NetApp Instaclustr enables our customers to run powerful open-source applications at the highest levels of scale. We have developed a platform that manages the entire lifecycle, encompassing infrastructure provisioning, application installation, and, most importantly, ensuring applications run reliably in production. Since its founding in 2013, Instaclustr has experienced strong growth, with over 300 customers worldwide and more than 18,000 nodes under management.
Our Technical Operations Engineers are the frontline team that keeps our large fleet of cloud-hosted, open-source clusters up and running. Your work will ensure the security, reliability, and performance of world-class systems and databases.

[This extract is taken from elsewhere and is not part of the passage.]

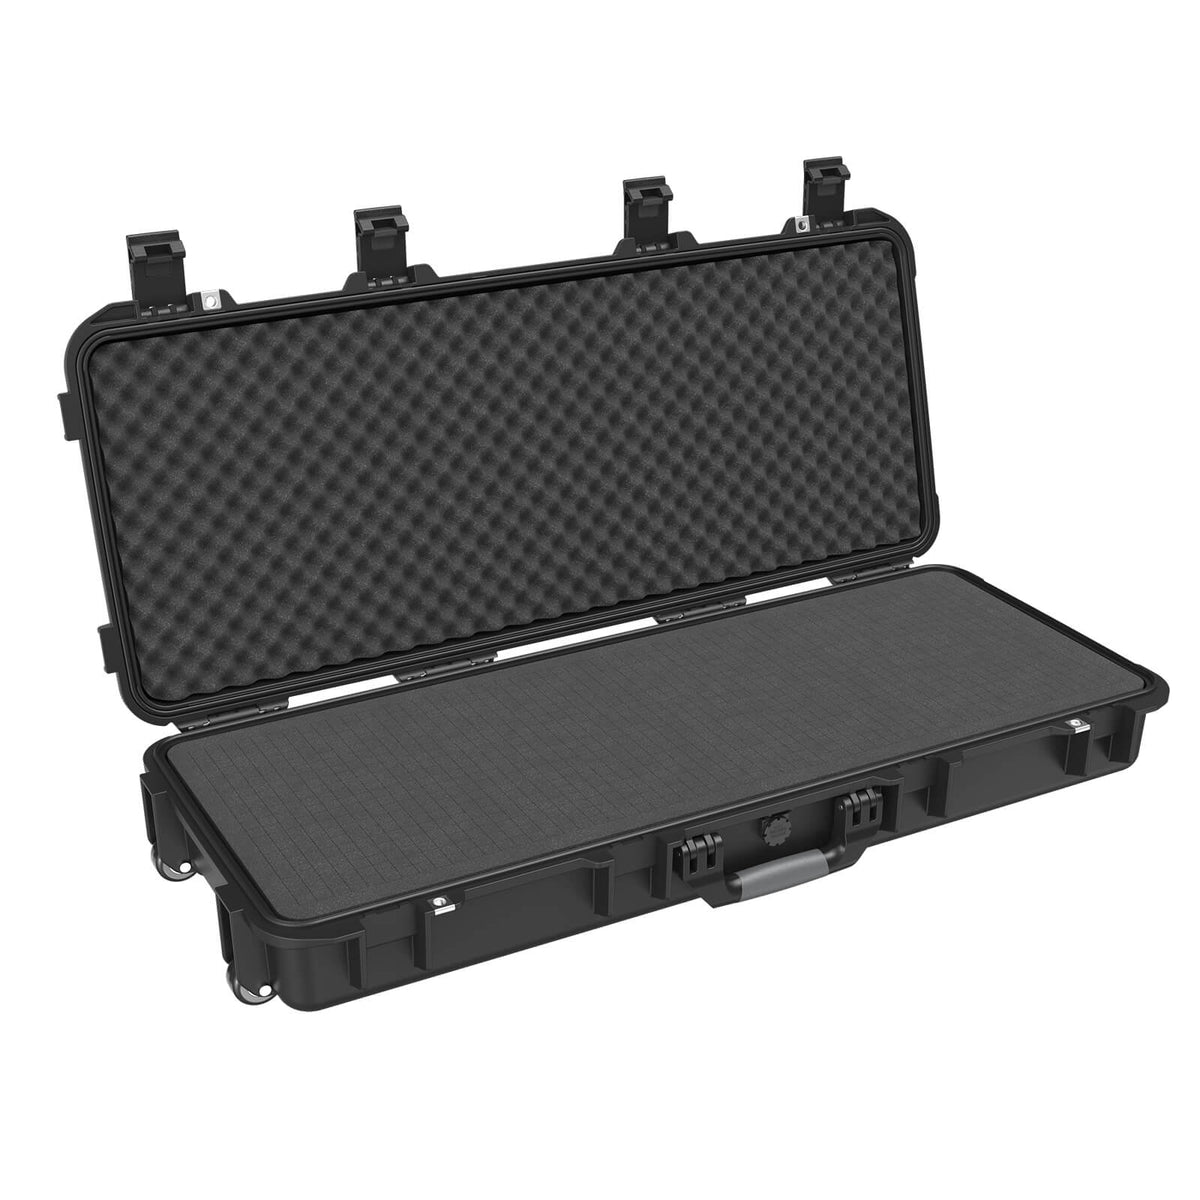 RPNB Weatherproof Protective Case with Customizable Foam Insert, Premium Black Hard Case, PP-91139

You will collaborate with the technical teams of our customers, who are globally recognized companies in the gaming, banking, and logistics industries, ranging from large multinationals to emerging start-ups.
Job Requirements
Successful candidates for this role will have:
Essential skills:
- Strong experience in Apache Cassandra administration and architecture, with a desire to continuously learn and develop to an expert level.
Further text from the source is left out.